From the line with "Bảng giá gia" to the line with "Giuseppe Zanotti White", retype each line exactly as it stands in the records below, but skip the pictures.
━━━ DATA PROVIDED
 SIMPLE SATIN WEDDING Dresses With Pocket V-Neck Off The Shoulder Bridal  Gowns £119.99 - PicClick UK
━━━━━━
━━━ DATA PROVIDED
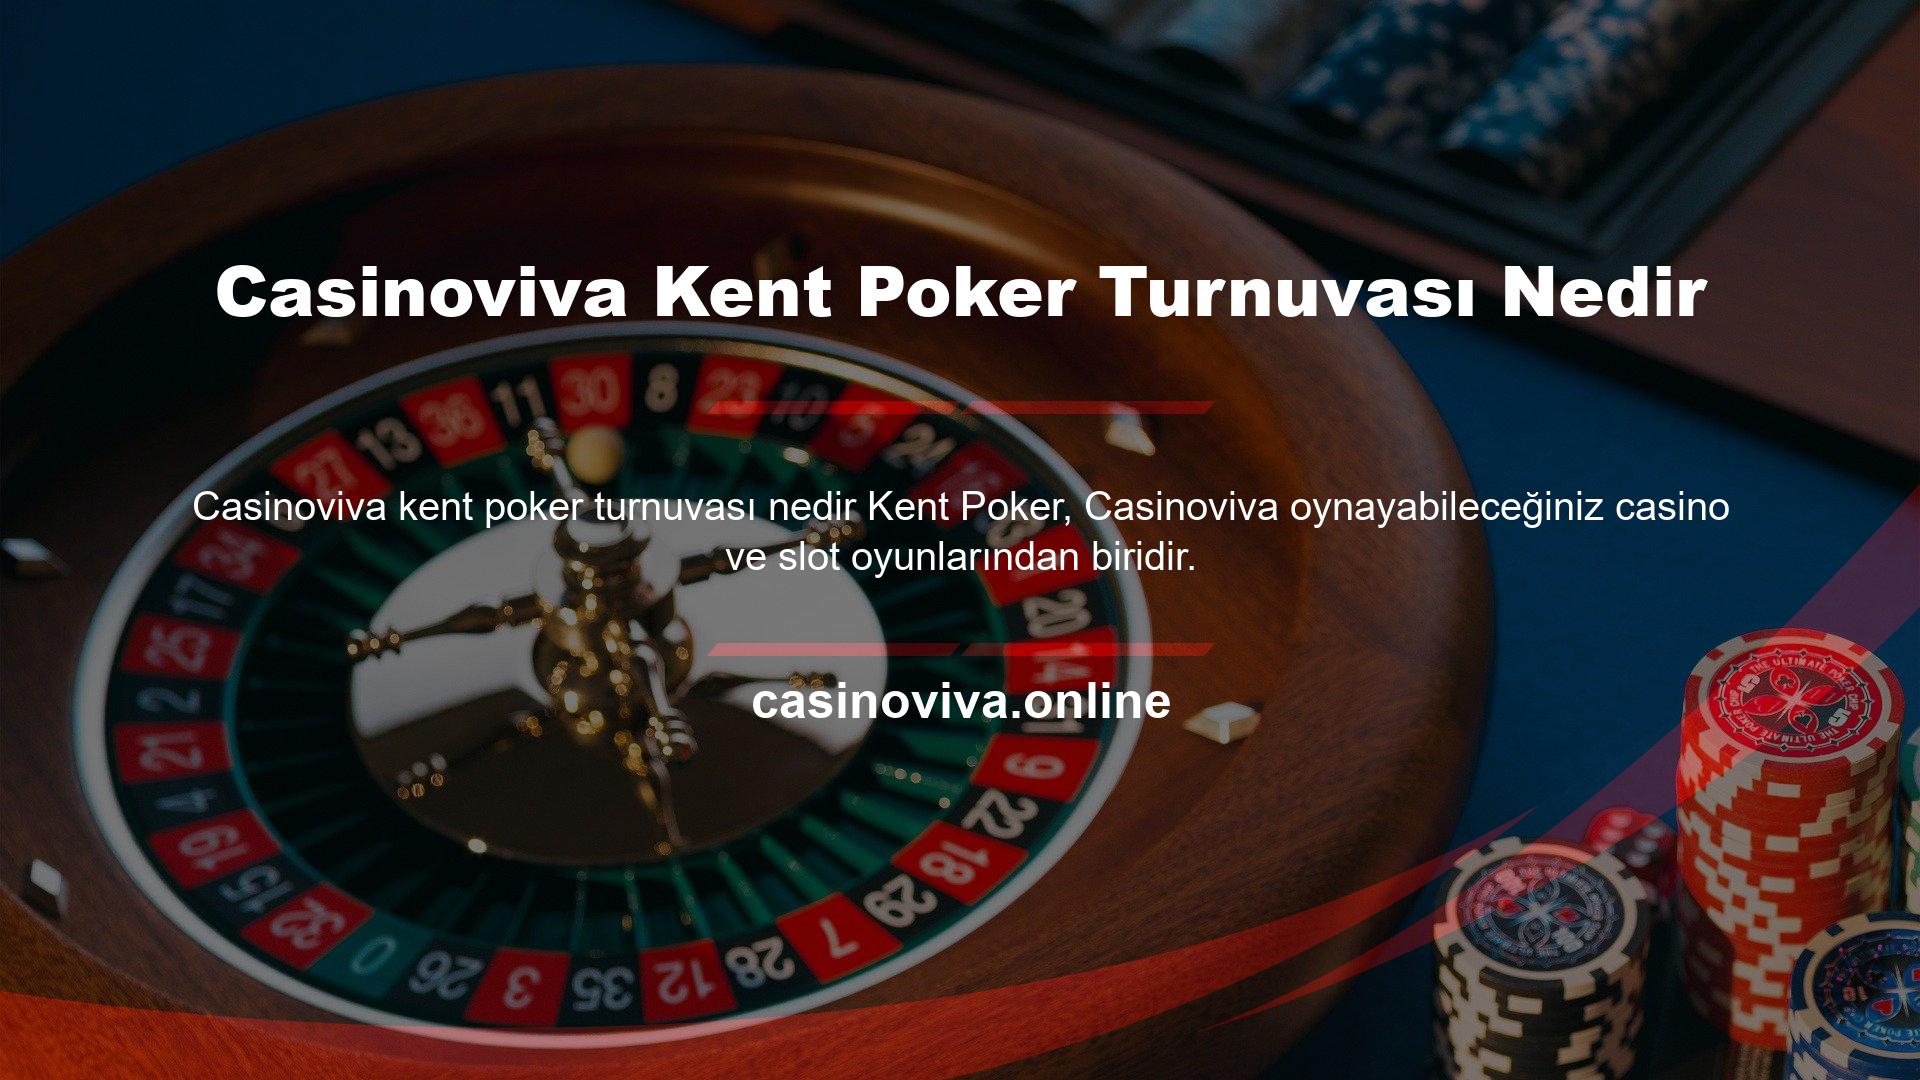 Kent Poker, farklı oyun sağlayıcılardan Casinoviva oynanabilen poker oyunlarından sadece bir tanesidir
━━━━━━
━━━ DATA PROVIDED
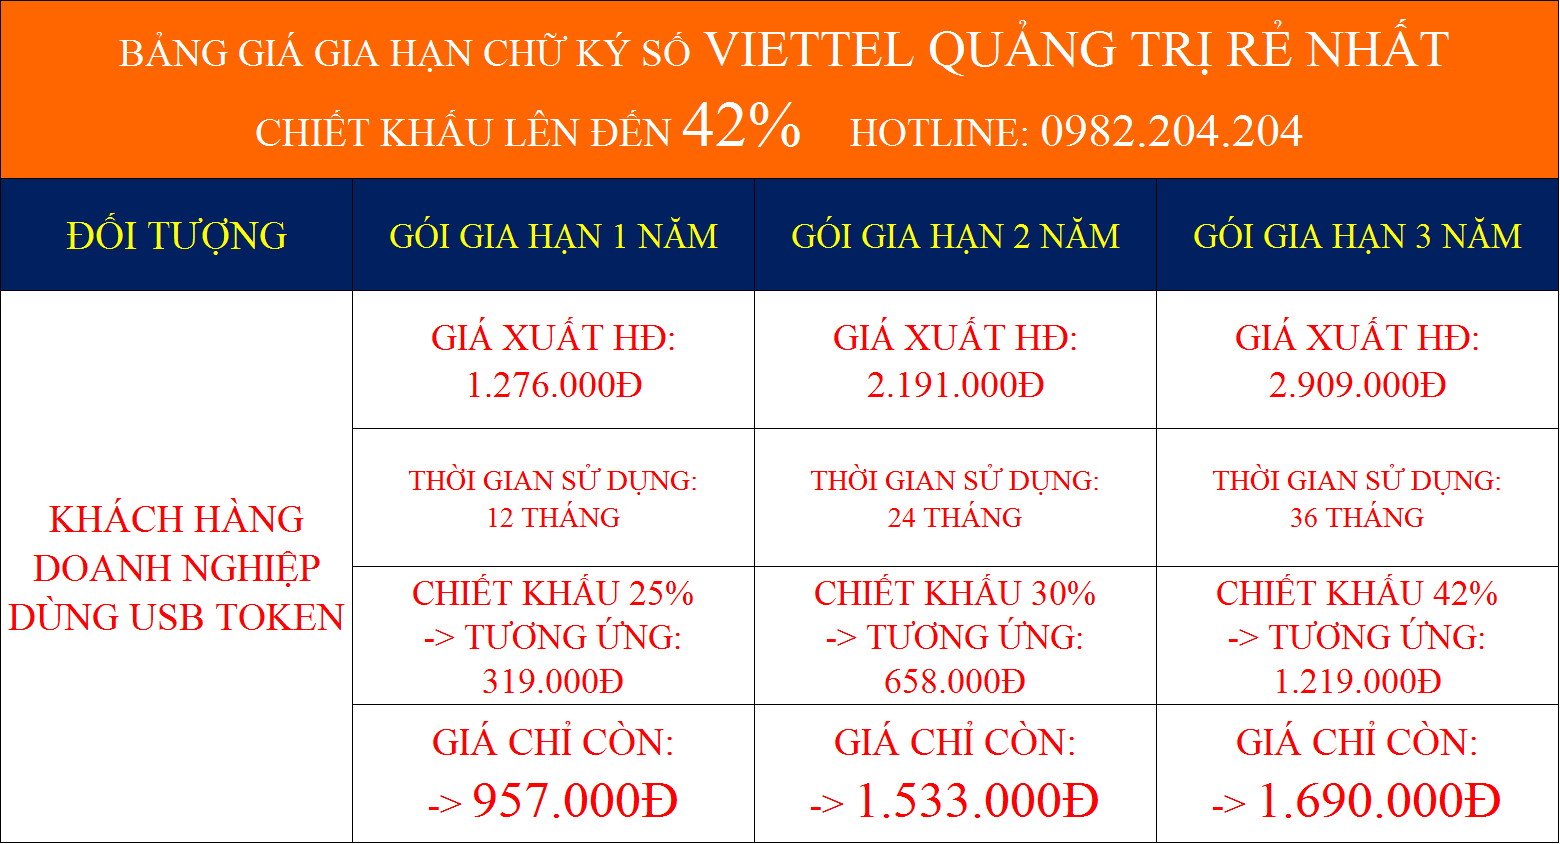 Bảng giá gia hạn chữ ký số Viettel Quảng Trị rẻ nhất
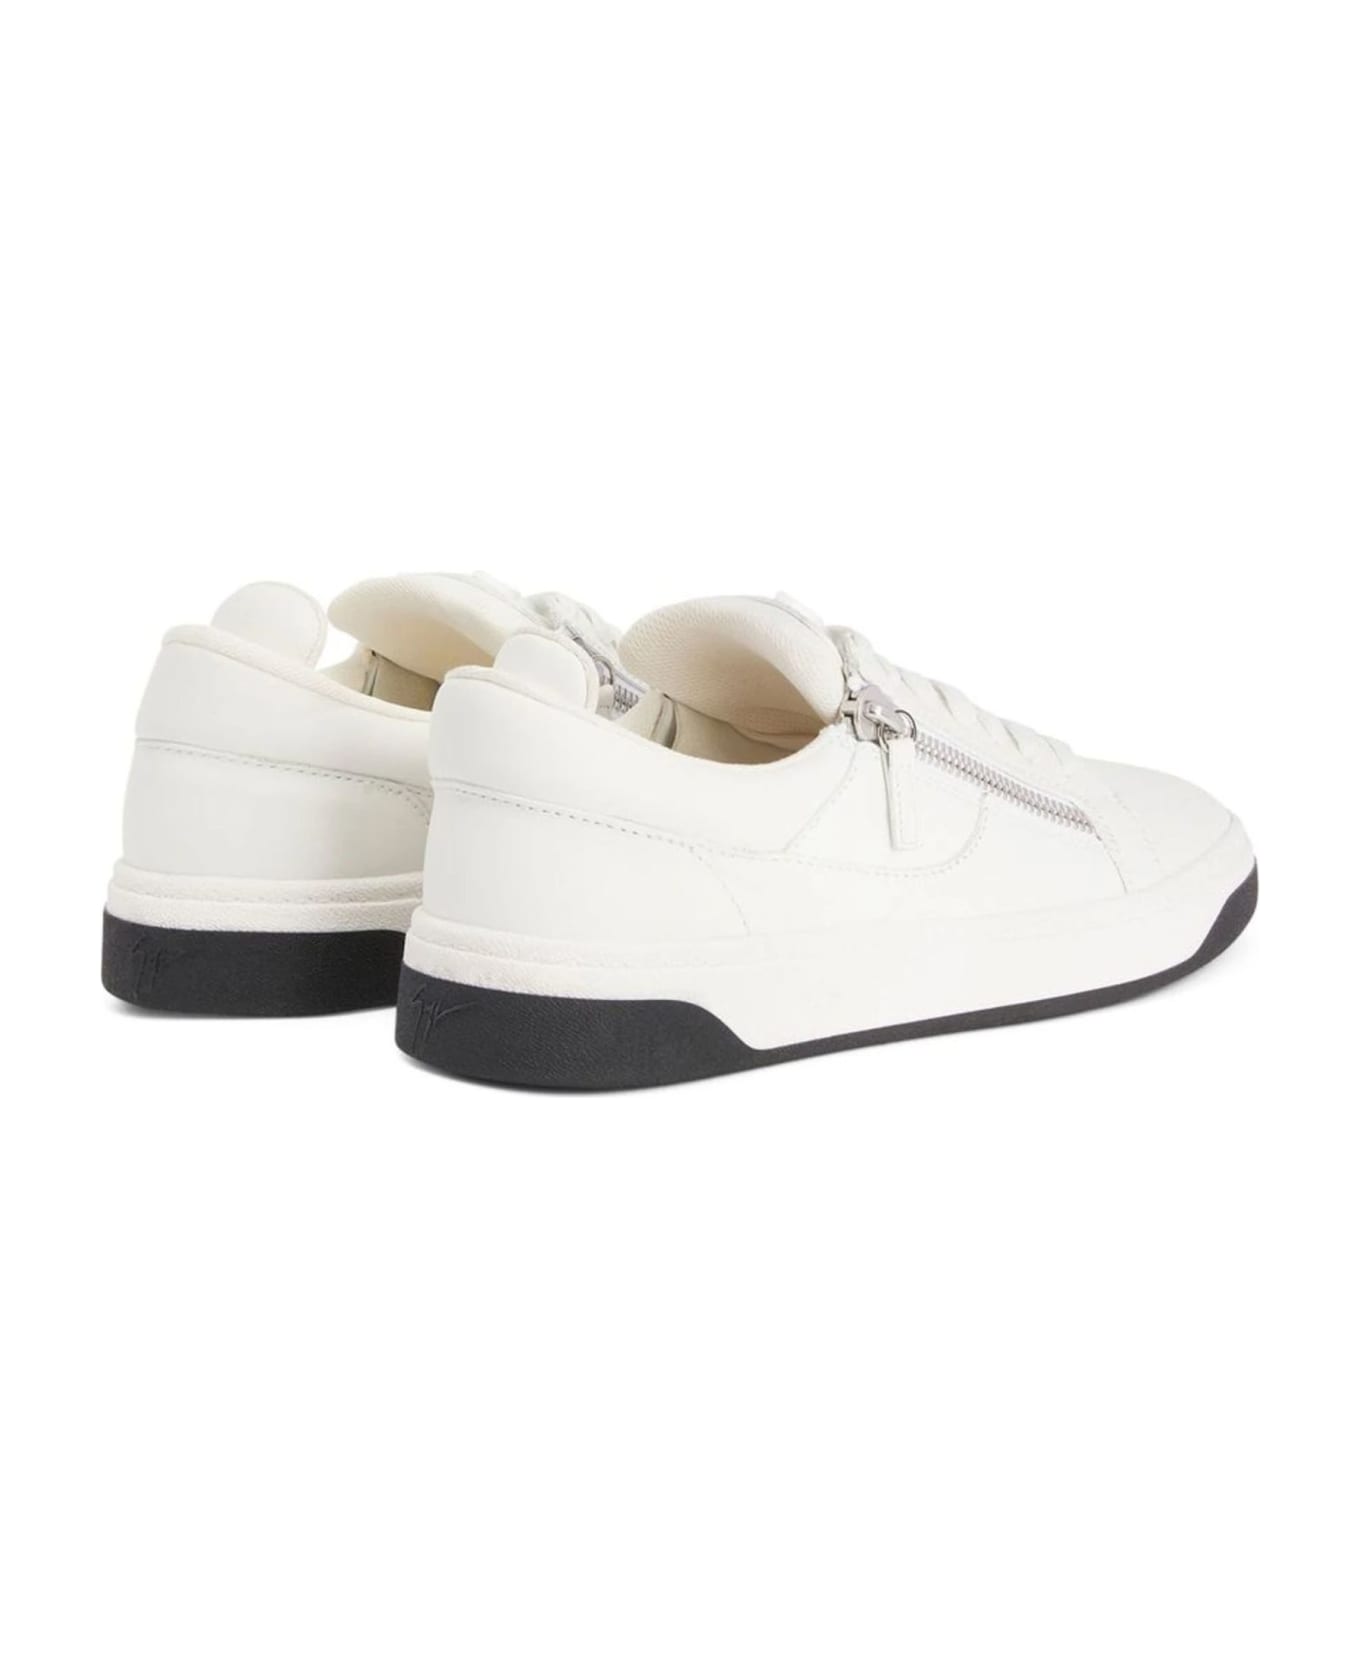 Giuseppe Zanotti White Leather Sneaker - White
━━━━━━
**EXERCISE SOLUTION**
 Bảng giá gia hạn chữ ký số Viettel Quảng Trị rẻ nhất
 Giuseppe Zanotti White Leather Sneaker - White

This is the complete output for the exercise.